** PROVIDED MATERIAL **

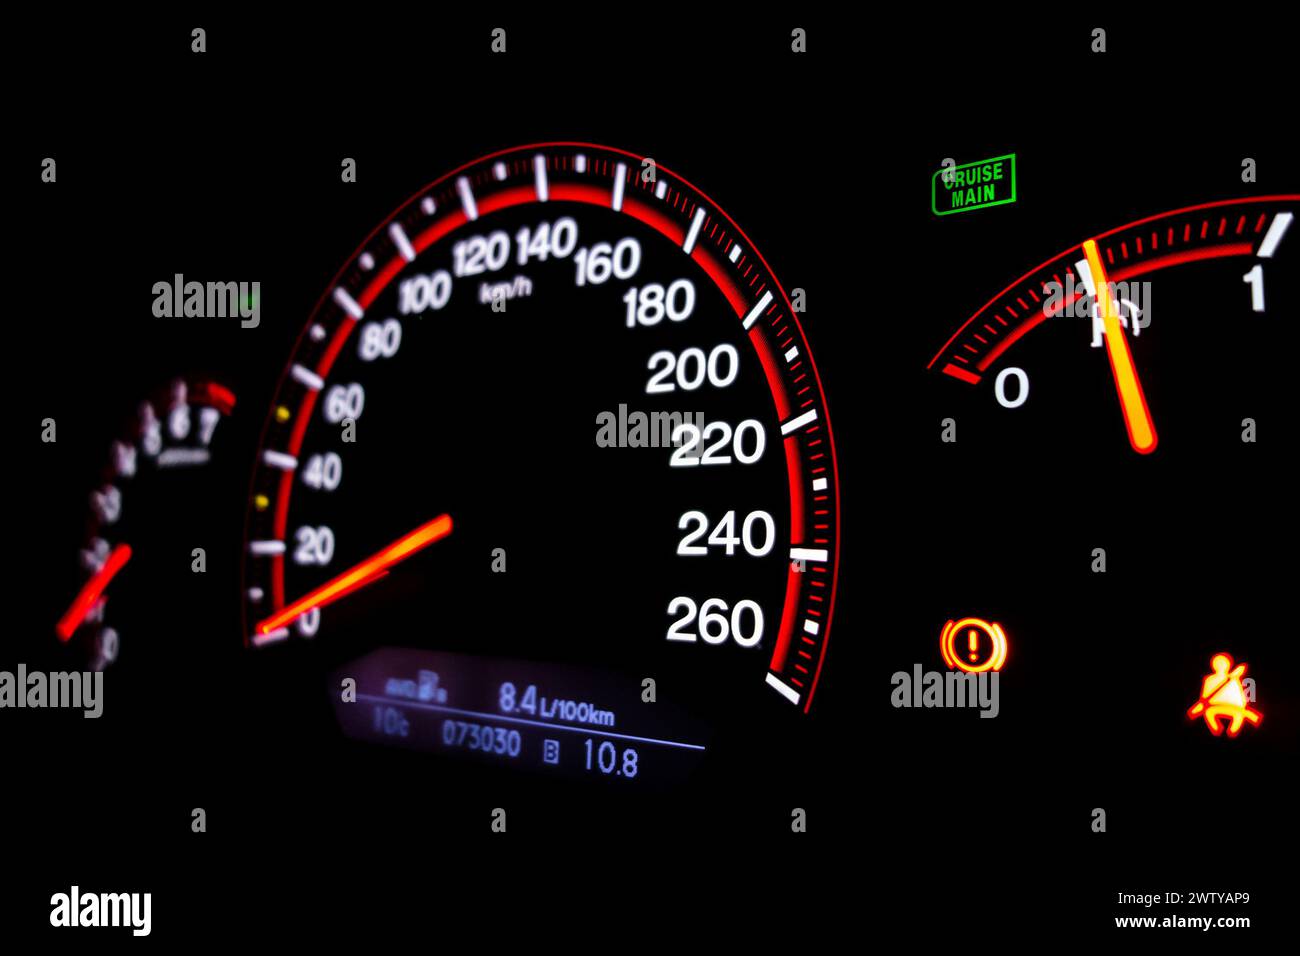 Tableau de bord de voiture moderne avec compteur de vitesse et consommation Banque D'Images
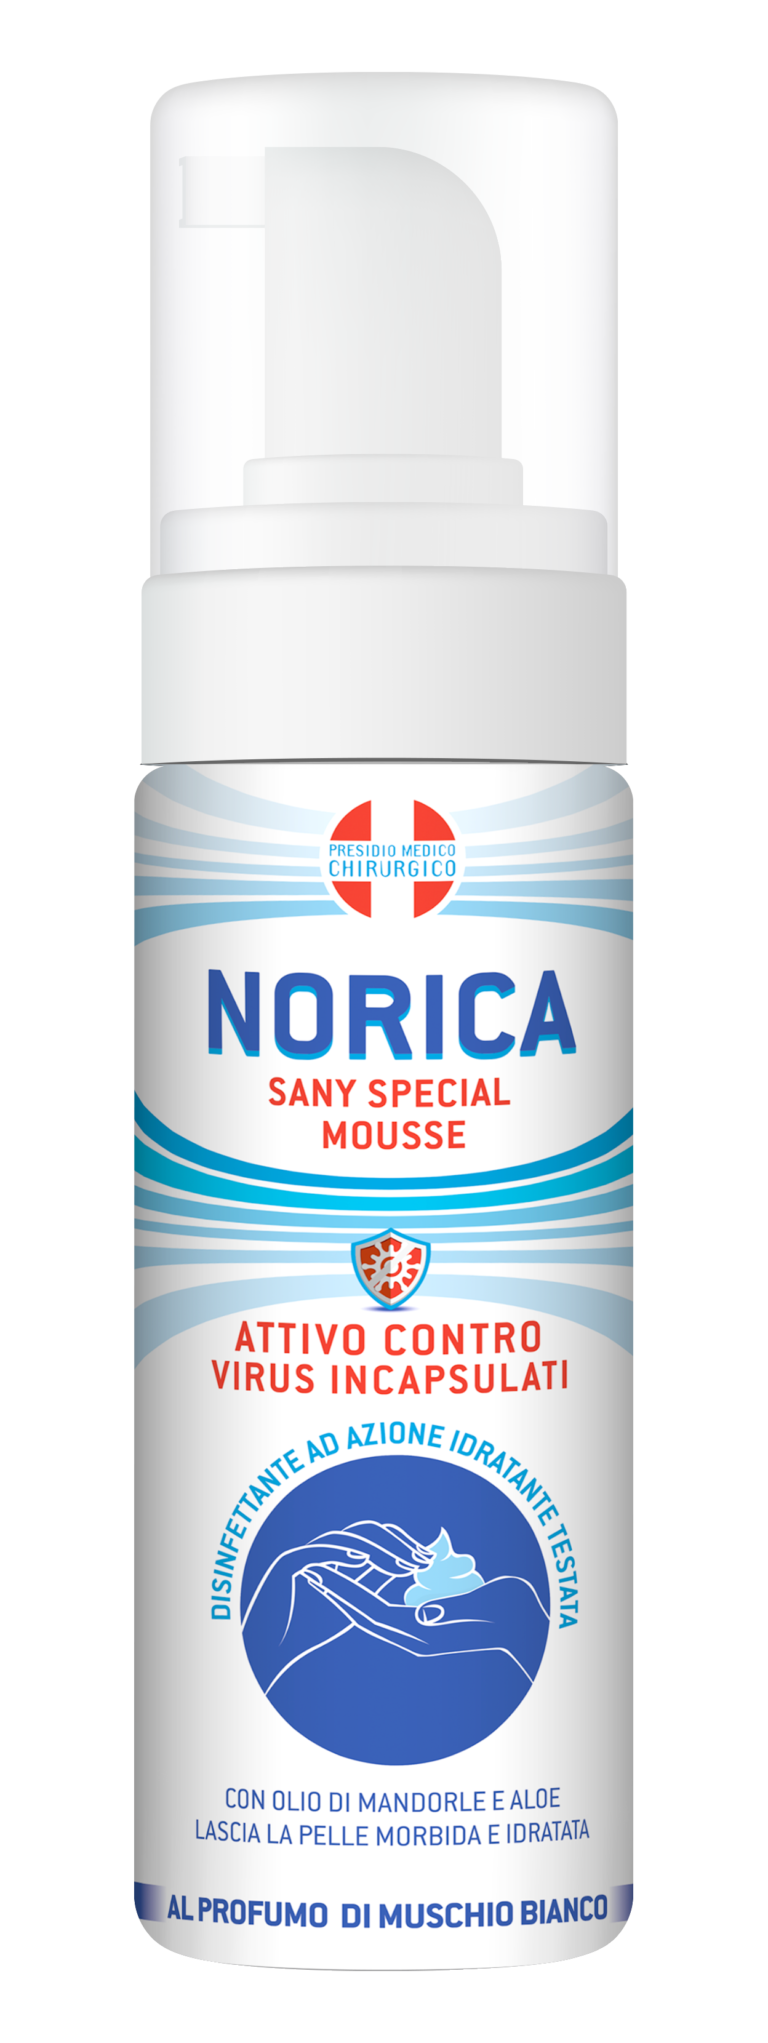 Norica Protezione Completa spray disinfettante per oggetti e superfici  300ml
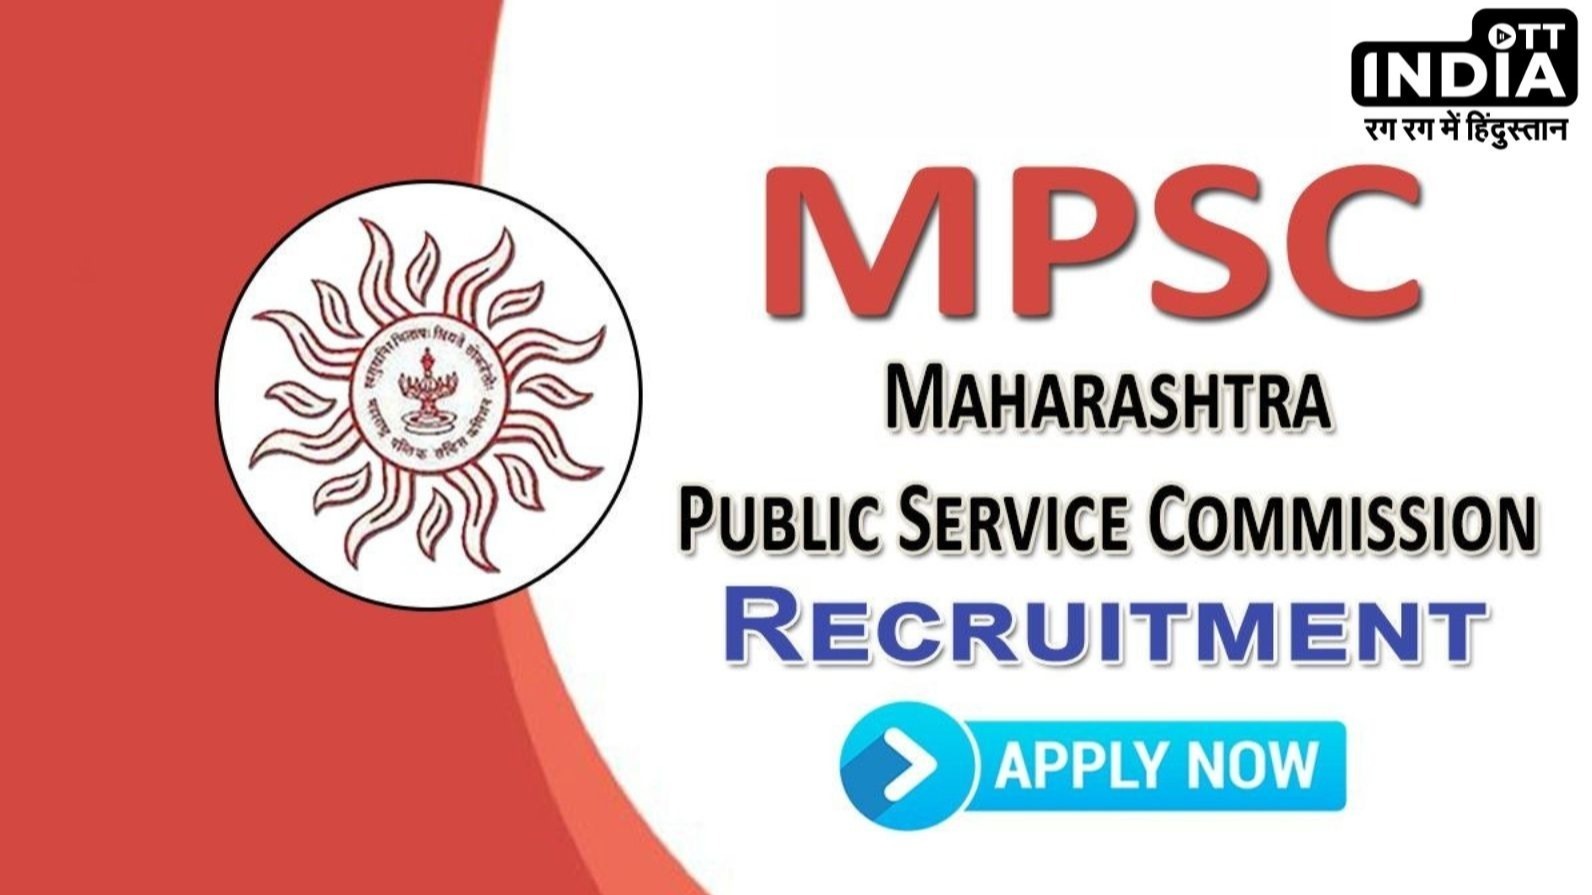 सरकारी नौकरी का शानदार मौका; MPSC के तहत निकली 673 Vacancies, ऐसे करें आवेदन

** DIRECTIONS **
Leave the pictures out, and please copy only the lines from the one with "Norica Protezione Completa" through the end of the listing.

** SOLUTION TO THIS PROBLEM **
 Norica Protezione Completa spray disinfettante per oggetti e superfici  300ml
 सरकारी नौकरी का शानदार मौका; MPSC के तहत निकली 673 Vacancies, ऐसे करें आवेदन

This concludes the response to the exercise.